4
$\begingroup$

I was doing a physics problem today and I needed to find when some movement is accelerating and when it is decelerating. So after some calculations, I got the equation I needed. I know that it is correct because when plotted, I can see from graph that I got the expected solution.

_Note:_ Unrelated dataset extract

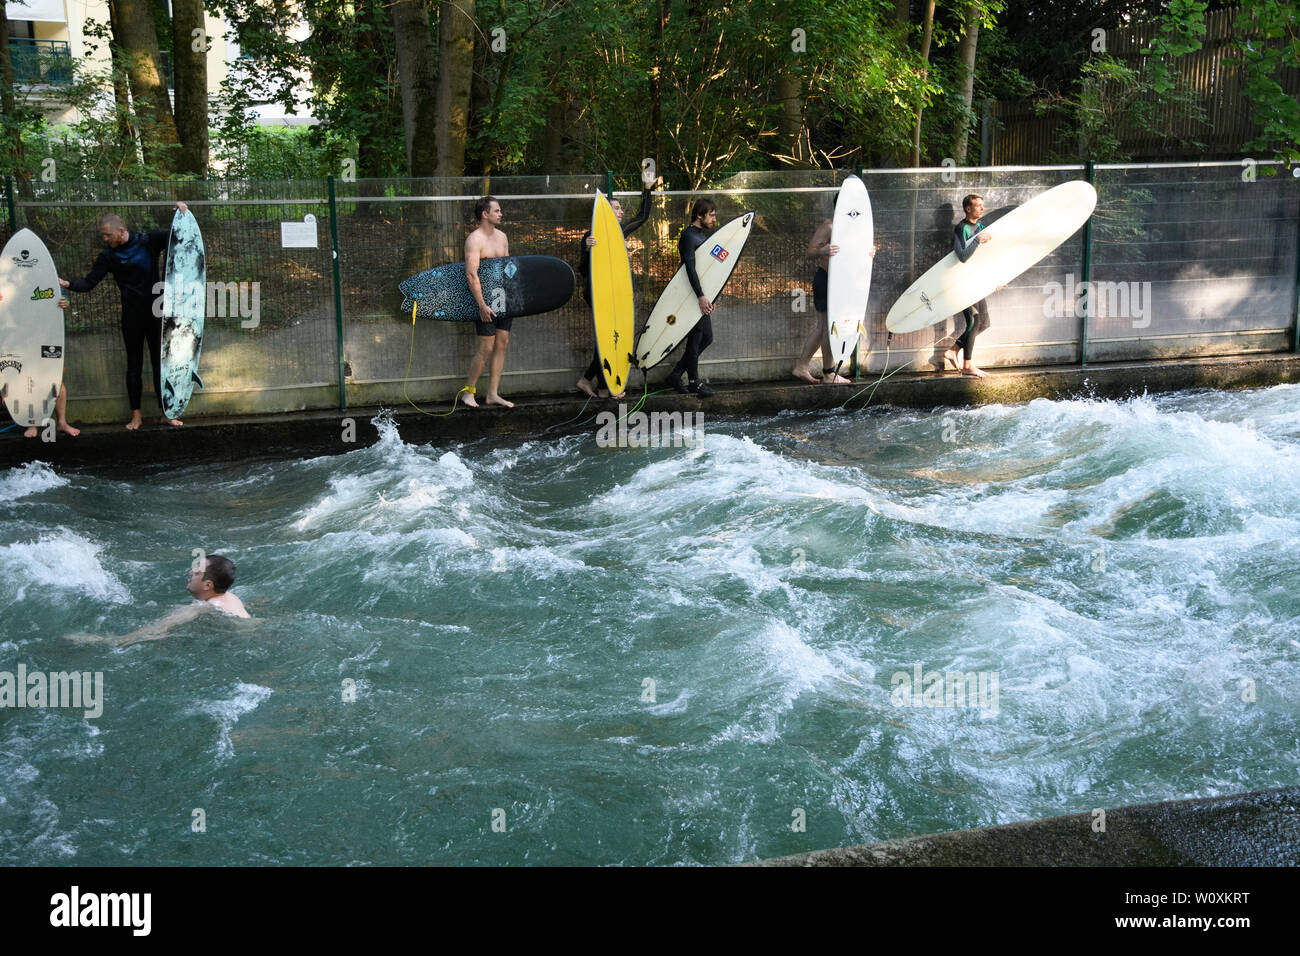 MUNICH, Alemania - Agosto 2018: Surfistas en un tren de ondas estacionarias en un arroyo en el Parque de la ciudad durante la ola de calor. Foto de stock

Unfortunately I don't know how to actually start solving the inequality. It looks like $$k \sin\left(\frac {\pi x} {2}\right)\cos\left(\frac {\pi x} {2}\right)>0$$ where $k$ is some huge sausage which is constant and positive.

  • 3
    Your identity is equivalent to $k\sin \pi x>0$2010-09-10
  • 0
    @Arturo: I rolled back to a change of mine which was overridden by your rollback (the title only change). The title formula now matches the question.2010-09-10
  • 2
    "sausage" ?!??!2010-09-11
  • 0
    @M: Ehr... I'm not sure what that means. There seemed to be an attempt at editing the title that created a typo (the argument for the cosine was written as "p ix" instead of "pi x") which I tried to fix; my first attempt at editing someone else's post.2010-09-11
  • 0
    @Arturo: If you look at the edit history (click on the edited "x hours ago" link), it should become clear I suppose.2010-09-11
  • 0
    @M: Looks like perhaps we simply had an "edit conflict" and were fixing the title at the same time.2010-09-11
  • 0
    @Jason S Looks like I used term which is not common in English. Basically it's something that looks like this: $\frac {omgThisIs50CharactersLong} {thisIsEvenBigger}+\frac {sameThingHere} {thisOneIsEvenWOrse}*\frac{IThinkIShlouldStartUsingPapesInLandscapeOrientation} {orLinesSuchAsThisOneWon'tFit}$ So you got huge fractions joined together so they look like a sausage. It's something commonly found in math problems and problems from other areas which can be reduced to math problems.2010-09-11
  • 0
    @Jason S Often attempts to reduce them to one fraction make even bigger mess of things.2010-09-11
  • 1
    @AndrejaKo: Ah, that kind of sausage. Yes, we tend to use it in the context of politics + shady manufacturers. The terminology is a bit different, though; not sure how to correct + keep the colloquialism. I would probably replace "sausage" with "expression". Less flavorful but clearer. :-)2010-09-14

4 Answers 4

9

You can use the identity

$$\sin 2x = 2 \sin x \cos x$$

Thus you only need to determine when $$ \sin \pi x > 0$$ and this happens if and only if $$ x \in (2m, 2m+1), m \in \mathbb{Z}$$

3

Since $k$ is positive, it is immaterial. You want to know the values of $x$ for which $\sin(\frac{\pi x}{2})$ and $\cos(\frac{\pi x}{2})$ have the same sign.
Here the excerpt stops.